Николаев: Нет, я был тогда здоров.

Врач: Вот видите, вас нельзя выписывать. Вы не критически относитесь к своему заболеванию. Скажите, что за схему социального переустройства общества вы разработали?

Николаев: Я не разрабатывал схемы социального переустройства общества.

Врач: Чем вы занимаетесь в отделении?

Николаев: Ничем.

Врач: Как так - «ничем» ? Можно было бы найти себе дело по душе.

Николаев: Если бы я был на воле, то я, возможно, нашел бы дело по душе. Но так как я сижу, то возможности выбрать дело по душе у меня просто нет.

Врач: А вы здесь эти тюремные словечки бросьте. Что значит, «воля», «сижу». Здесь больница, а не тюрьма. Вы не сидите, а лечитесь. Здесь та же самая воля, что и у всех людей.
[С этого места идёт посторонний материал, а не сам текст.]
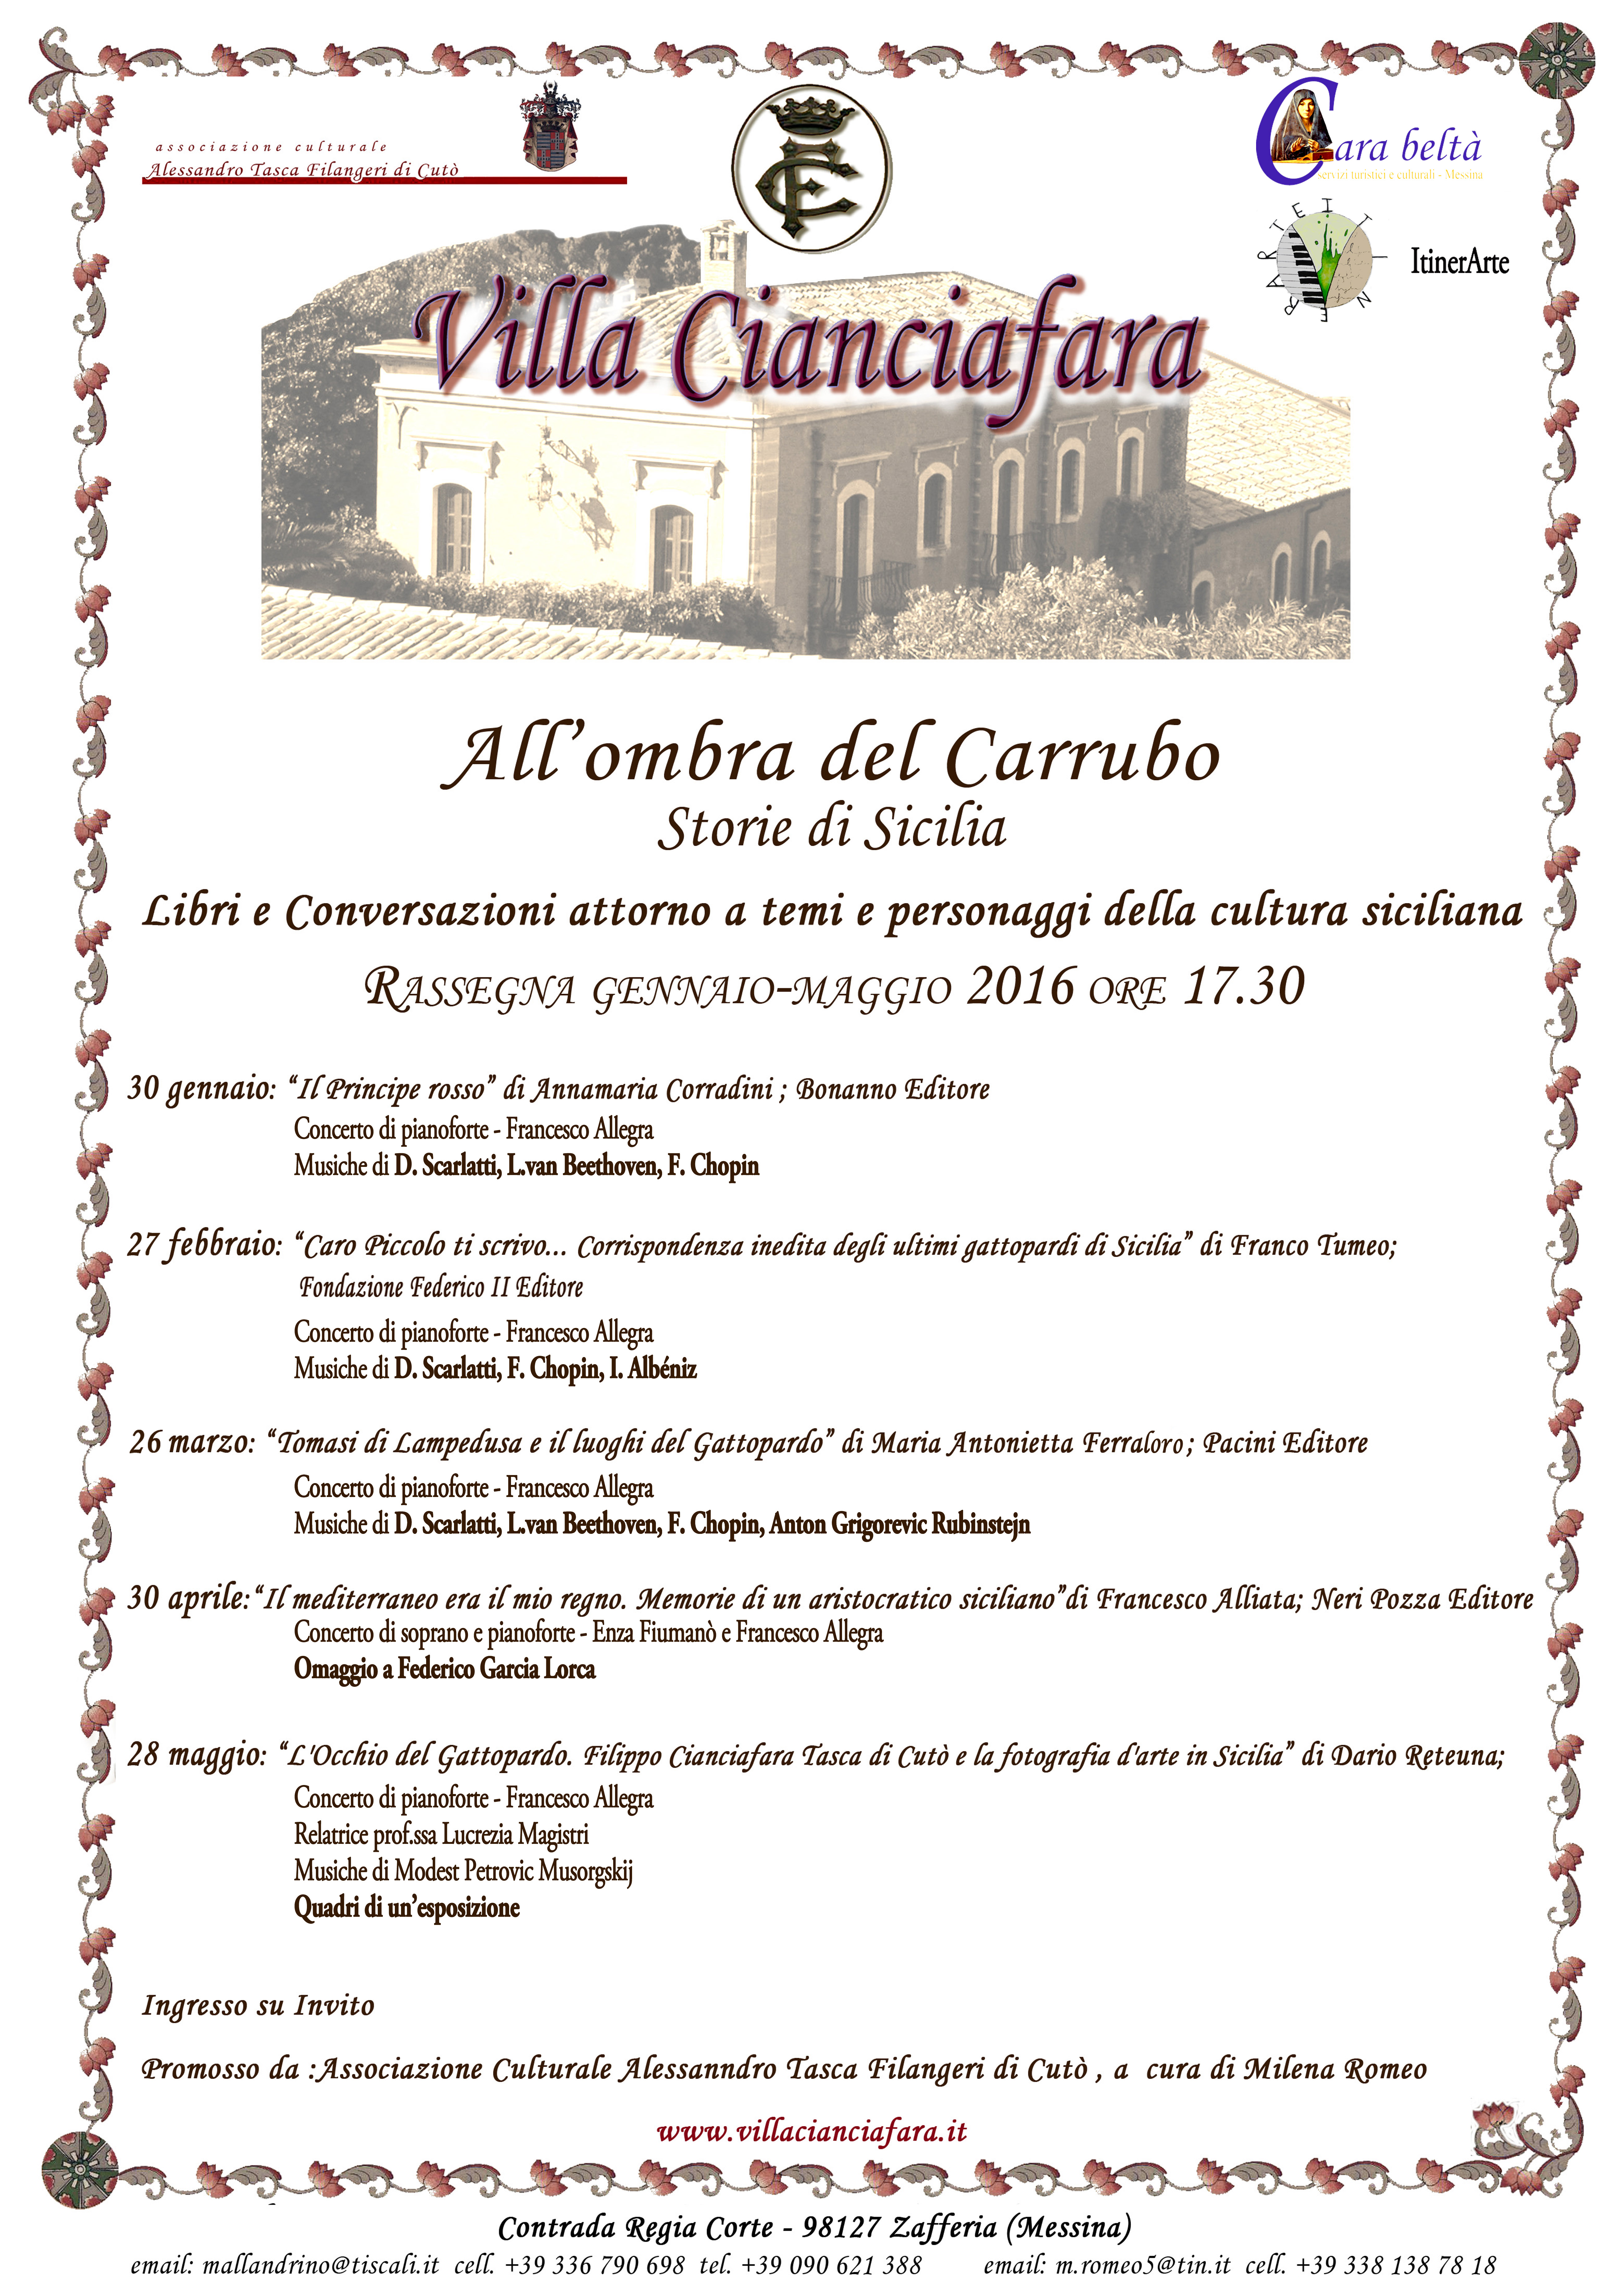 All'Ombra del Carrubbo I^ Edizione - Villa Cianciafara - Gennaio - Maggio 2016

Николаев: Для меня это - не воля. И если бы вас полечили таким же образом с годик, то вы бы тоже такую волю тюрьмой бы назвали.

Повели меня в отделение. И никакой надежды на выписку после такой беседы уже у меня не было. Не первая это беседа, да и не последняя. Но тем не менее Иткин меня выписал. 26 июля 1972 года состоялся наш последний с ним разговор.

«Никогда больше не занимайтесь политикой, - сказал он мне на прощание, - сейчас вы год отсидели. А следующий раз -всю жизнь просидите. В любом случае - не меньше года. У нас такое неписанное правило. Если человек попадает в психиатрическую больницу повторно, то держать его надо не меньше, чем он находился в больнице последний раз. Если вы сейчас год отсидели, значит в следующий раз будет еще больше. А политикой заниматься бесполезно. Все равно ничего не изменишь. Только себе навредишь. Сейчас вы ко мне попали. Я с трудом, но вас выписал. А к другому попадете - тот за вас биться не будет.